= Dirty Kuffar =

2004 Islamist rap video

"Dirty Kuffar" is an 2004 Islamist rap video produced by Muslim British rappers Sheikh Terra and the Soul Salah Crew. The music video begins with a CNN video clip showing US troops shooting an Iraqi individual and then rejoicing; the clip is then followed by the logo "Digihad", playing on the terms digital and jihad. The beat of "Dirty Kuffar" is the "Diwali Riddim", also used in the popular Lumidee song "Never Leave You (Uh Oh)". The soldier being interviewed at the beginning of the video is allegedly called Riddle and was interviewed by CNN. The 'Digihad' logo has been spoofingly taken from the racist and White supremacist British Combat 18 website logo, only that the swastika has been removed.

==Video==

The song is a rap/dancehall song that is underpinned by the much-used "Diwali Riddim". The video was posted on a British website run by the Islamic extremist Mohammad al-Massari, the UK-based Saudi Arabian dissident who has lived in Britain since 1994. Al-Massari claimed that the video had been selling in large quantities at mosques to the younger generation and was in heavy demand overseas. In 2004, al-Massari told the Guardian newspaper that he did not know a single young Muslim who has not either seen or got the video.

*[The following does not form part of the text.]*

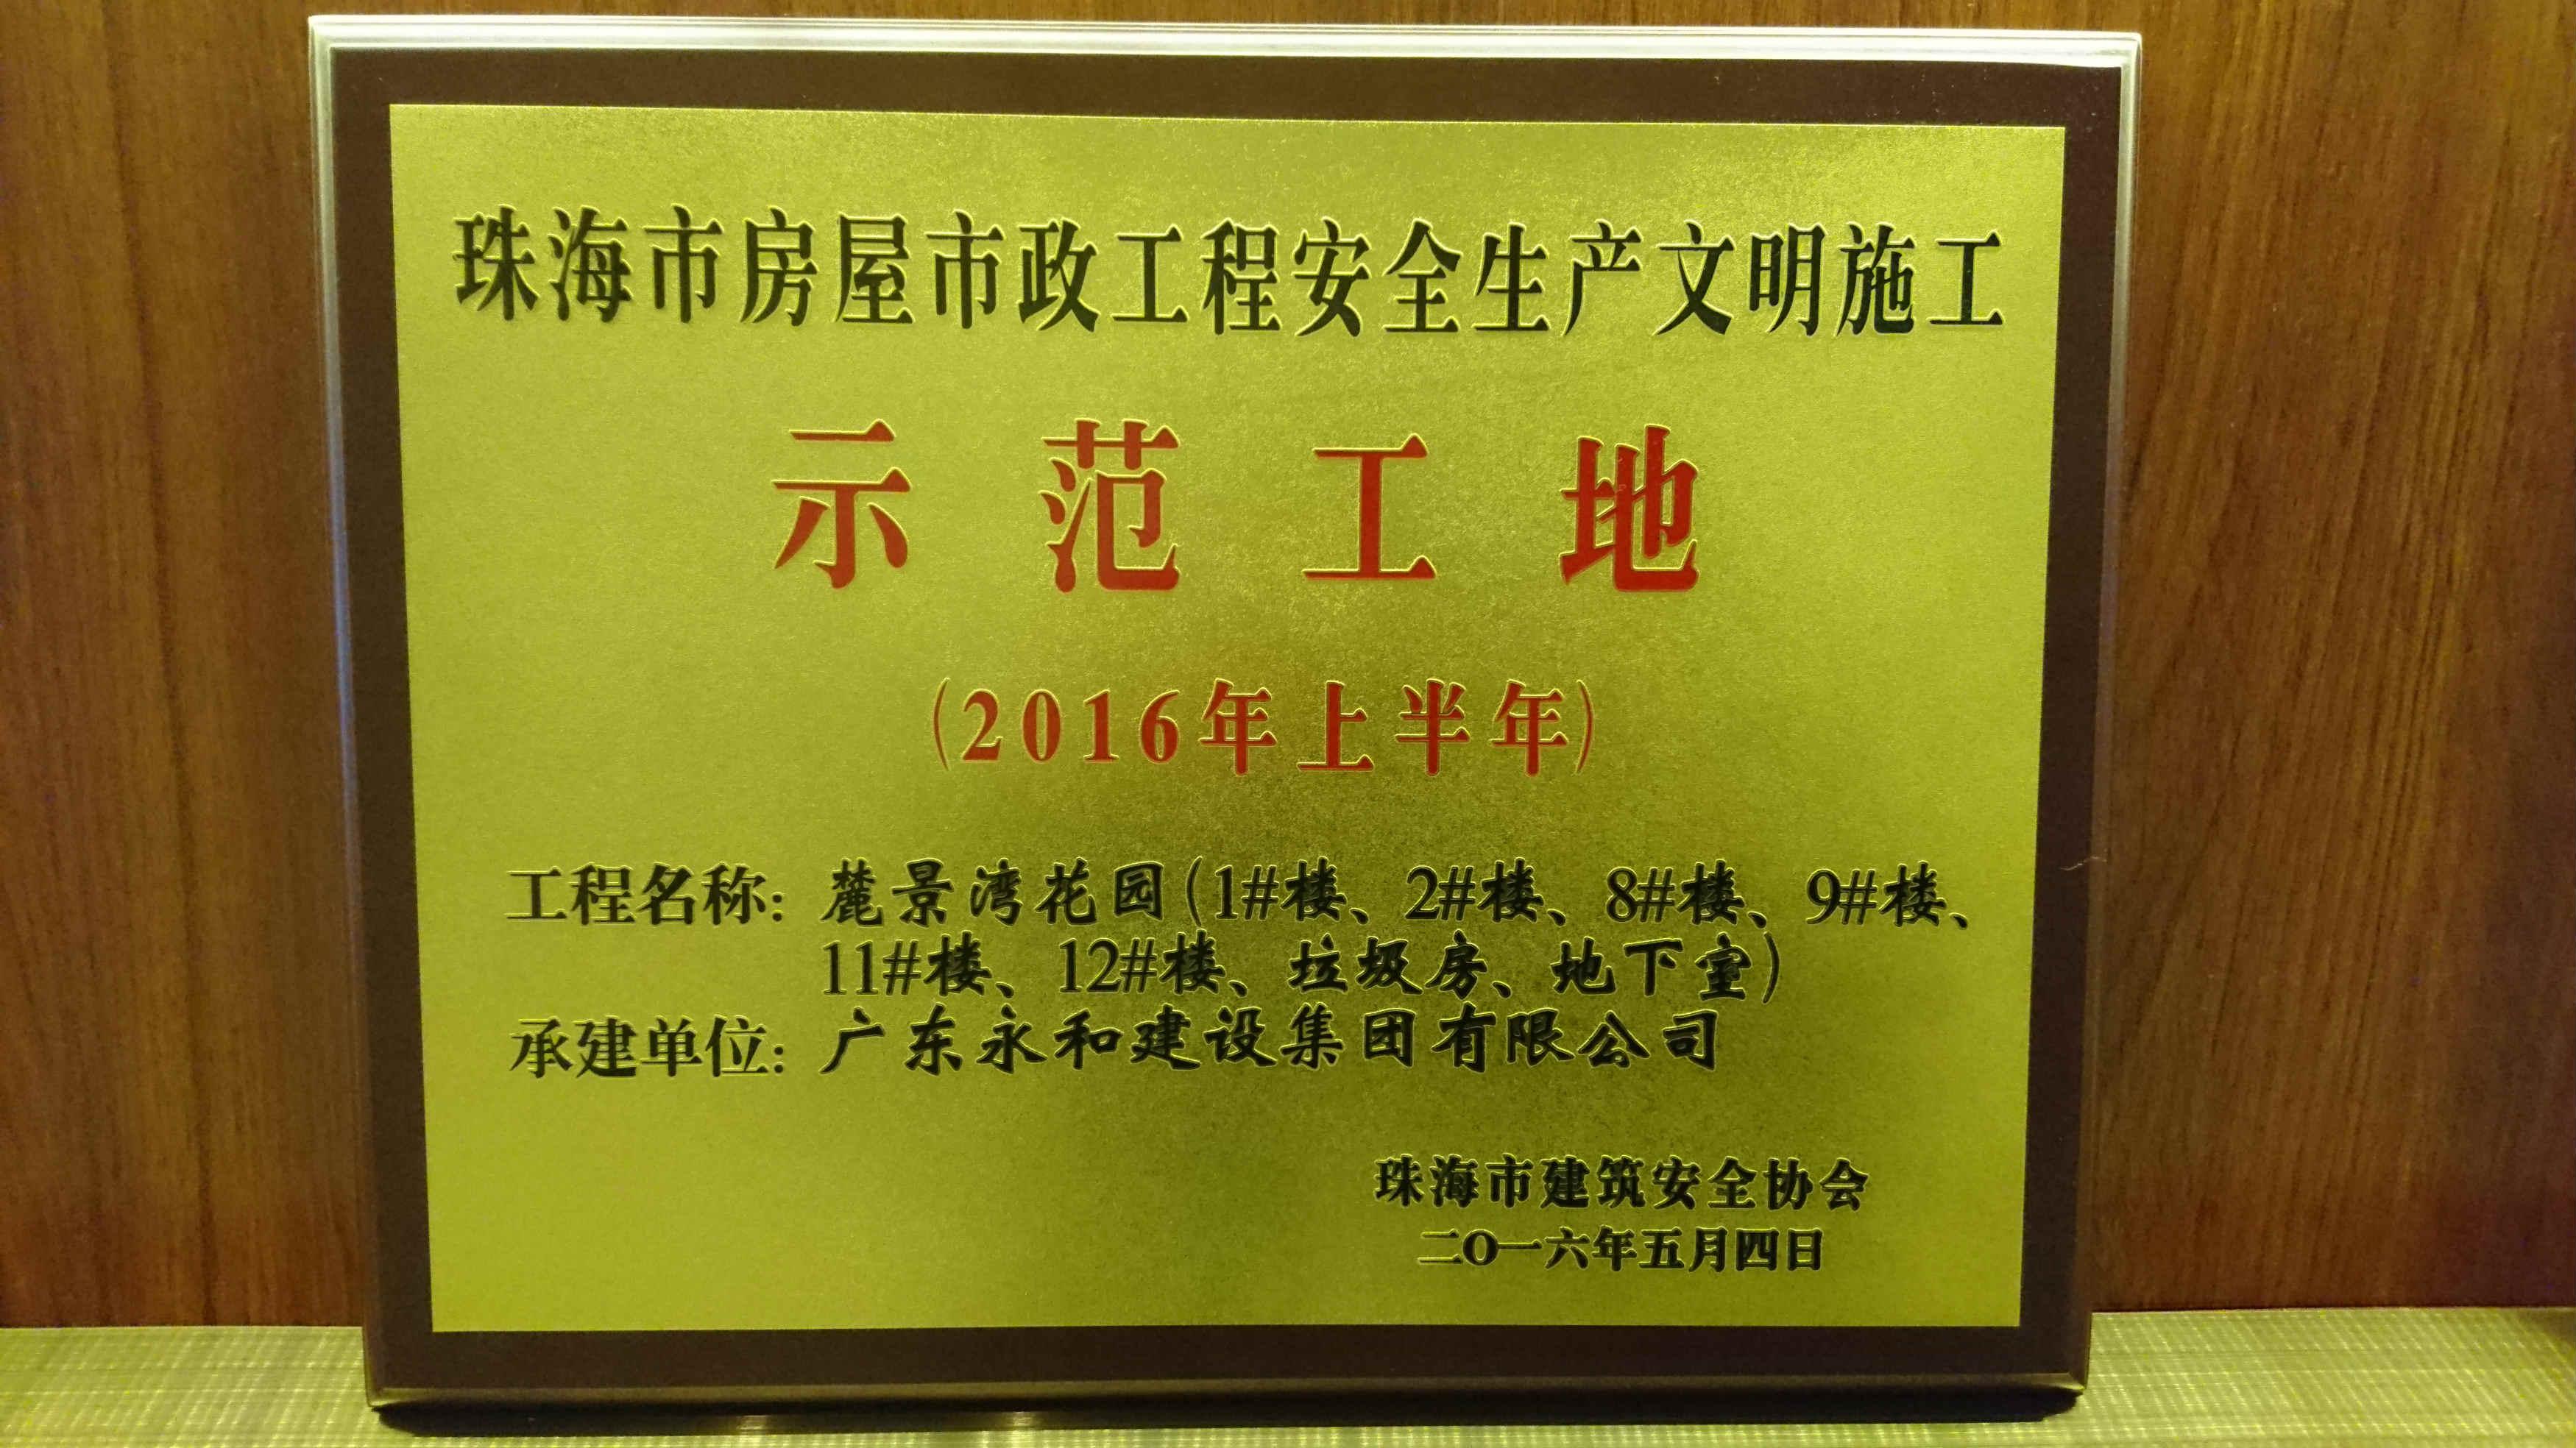 珠海市房屋市政工程安全生产文明施工示范工地

Al-Massari also stated that "It is selling everywhere. Everyone I meet at the mosque is asking for it." Al-Massari's Committee for the Defence of Legitimate Rights in Saudi Arabia—a group which came to Britain in 1994 to publicise injustices in the desert kingdom—also distributed the four-minute video on its website.

The rapper fronting the video calls himself Sheikh Terra and the Soul Salah Crew—a take on the rap group So Solid Crew. Salat is Arabic for "prayer". In the video, Nazis, the Ku Klux Klan, Tony Blair, Ronald Reagan, George W. Bush, Vladimir Putin, Ariel Sharon and Nick Griffin are the main "Dirty Kuffars". The video attacks Muslim political leaders like former Egyptian President Hosni Mubarak and former Pakistani President Pervez Musharraf as traitors to Islam. The video also featured Hamza Yusuf with the caption stating that he was one of the "Scholars for Dollars".

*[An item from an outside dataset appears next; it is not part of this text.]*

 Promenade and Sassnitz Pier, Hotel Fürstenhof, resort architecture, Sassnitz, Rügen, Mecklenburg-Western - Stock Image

Screen shots from the video depict the singers wearing Palestinian keffiyehs around his head, atop a balaclava.

==Media exposure in the 2000s==
"Dirty Kuffar" has been mentioned in the media and even internationally. The Globe and Mail on 17 August 2007 said that: "Since its release, 'Dirty Kuffar' has been downloaded onto millions of computers and remixed by many like-minded web jihadists. You can find it on video-sharing sites such as YouTube."

The news station Al-Jazeera reported on the phenomenon.

The Daily Times of Pakistan stated that "Al Qaeda's newest weapon against the West is a violent English-language rap tune".

The British National Party has stated that "More than a tiny minority of young British Muslims turned the 'Dirty Kuffar' rap video into a cult."

On 10 November 2004, former Jihadist Daveed Gartenstein-Ross, reviewed the song for Frontpage Magazine.

In 2005, "Dirty Kuffar" featured extensively in a programme called Media Jihad: As Sahab Foundation, a CBC programme based on a documentary originally produced in Japan by NHK and was updated by the Discovery Times Channel.

On 2 August 2005, the well-known Bronx artist DJ Damien released an internet-based tribute single in conjunction with Morcoq, entitled "Dirty Kuffar (Acoustic Tribute)". The lyrics follow the theme of the original, but in this version main Dirty Kuffars include Jacques Chirac and Lap Fung Chan.

On 27 November 2006, the BBC reported in Online Jihadism and exclusively featured the "Dirty Kuffar" rap video.

On 6 December 2006, Channel 4's Dispatches programme aired Jihad TV, a documentary investigating the fact that "Internet footage of beheadings has become a vital weapon in al-Qaeda's jihad against the West. Dispatches investigates this powerful propaganda machine and its impact on young Arabs and Muslims in the UK." In this show, the "Dirty Kuffar" video was extensively reviewed.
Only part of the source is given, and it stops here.